Parsing an XML Document and Extracting Statistics
Now that you've got a good understanding of what it means to parse an XML document, let's take a look at a short example that uses one of the tools that were just discussed. For this example, we'll use the XML::Parser Perl module to parse a small XML document. Listing 2.1 shows a small XML document that contains statistics from two great baseball players. As you can see, the XML document is very simple. It has two <player> elements, and each <player> element has four child elements (<name>, <team>, <home_runs>, and <batting_average>). Granted, this is a small and simple XML document, but it is perfect for illustrating simple XML parsing. Our goal for this example is to parse this document and extract the statistics for each player.
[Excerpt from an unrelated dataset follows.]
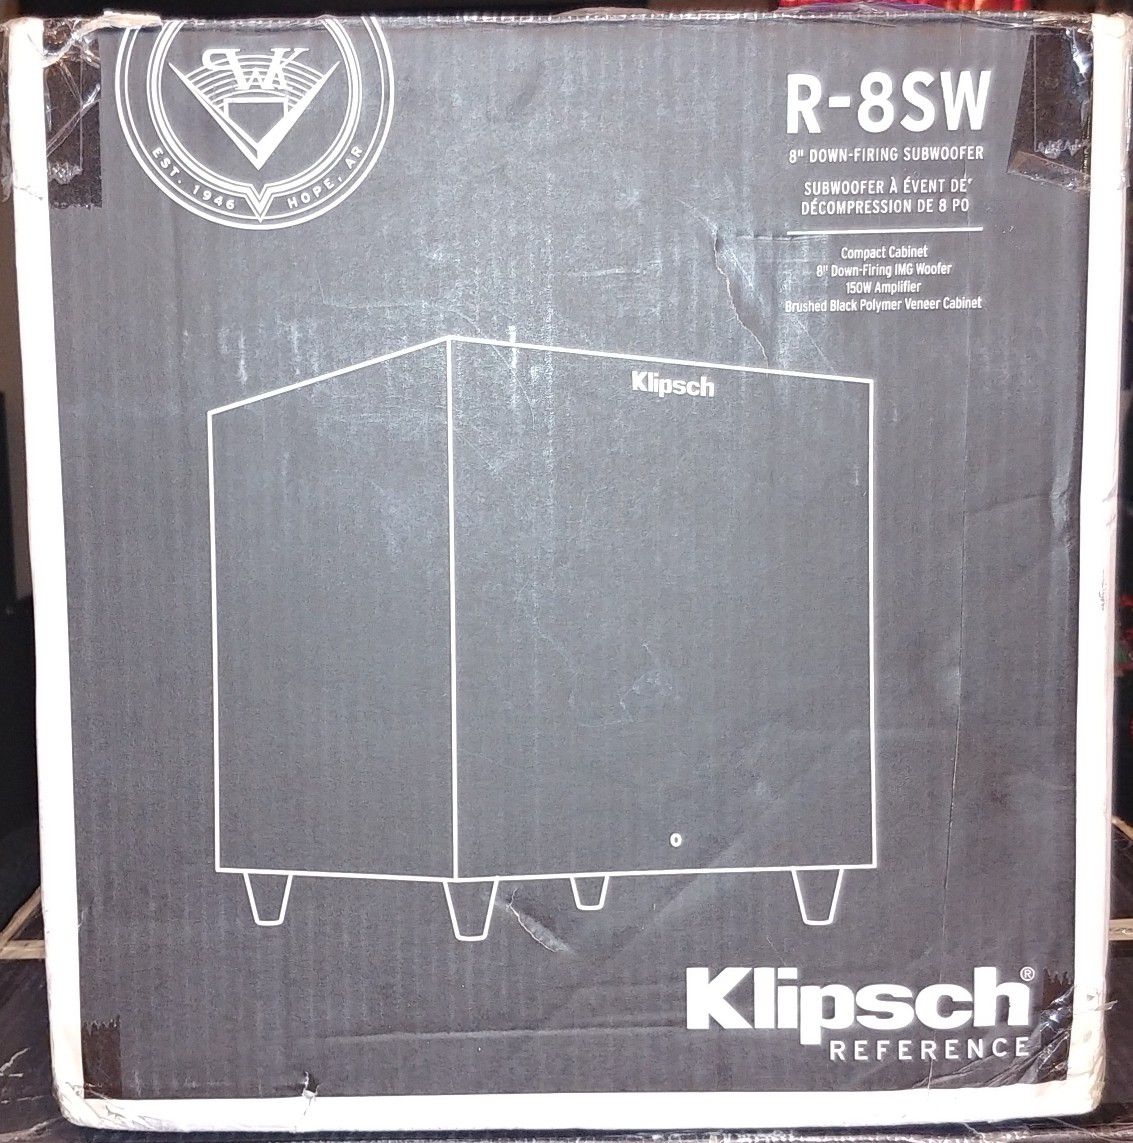 Klipsch Reference R-8SW Surround Subwoofer, 150 Watts Peak Power (Brushed Black Vinyl, 8-Inch)

Listing 2.1 Career statistics for two Hall of Fame baseball players stored in an XML document. (Filename: ch2_baseball_stats.xml)
<?xml version="1.0"?> <career_statistics> <player> <name>Mickey Mantle</name> <team>NY Yankees</team> <home_runs>536</home_runs> <batting_average>.298</batting_average> </player> <player> <name>Joe DiMaggio</name> <team>NY Yankees</team> <home_runs>361</home_runs> <batting_average>.325</batting_average> </player> </career_statistics>
We wrote a small application to parse this XML document. Don't worry about the source code yet, we'll start off slow and start showing Perl applications a little later in this chapter. For now, just focus on how an XML parser works, and don't be too concerned with all of the small details yet.
We used the XML::Parser Perl module to build an application to parse the XML document. The XML::Parser Perl module is an event based parser that will be discussed in Chapter 3, "Event-Driven Parser Modules." The output generated by the Perl XML parsing application is shown in the following:
career_statistics = player = name = Mickey Mantle team = NY Yankees home_runs = 536 batting_average = .298 player = name = Joe DiMaggio team = NY Yankees home_runs = 361 batting_average = .325
Note that in the output, each element is printed out in the same order as the order that the opening tags appear in the XML document. As you look at the output listing, you're probably asking why the <career_statistics> and <player> elements are empty, right? Well, take a look at the original XML document in Listing 2.1 again. Notice that the original XML file really contains a <career_statistics> element that is made up of two child elements named <player>. Each <player> element is made up of four child elements: <name>, <team>, <home_runs>, and <batting_average>. So, when parsing the XML document, the <career_statistics> and <player> elements don't contain any character data themselves, but rather contain other elementstheir child elements. After the <name>, <team>, <home_runs>, and <batting average> elements are encountered, the parser can extract the character data contained by each element. Of course, more complex scenarios exist in which elements contain attributes, character data, and child elements, but let's go one step at a time. You will have examples later that cover all these scenarios.
Now that we've given a quick introduction to parsing XML, the first question is, how do we do it? That's the easy part: use any number of Perl XML modules. It's only natural to try to use these two technologies together to solve complex problems. A large number of Perl modules are available that perform just about every conceivable task related to XML. As of this writing, there are nearly 500 Perl modules related to XML. We're going to explain the most popular modules, show you how to use them, and demonstrate them using real-world examples that can easily be extended to support more complex applications.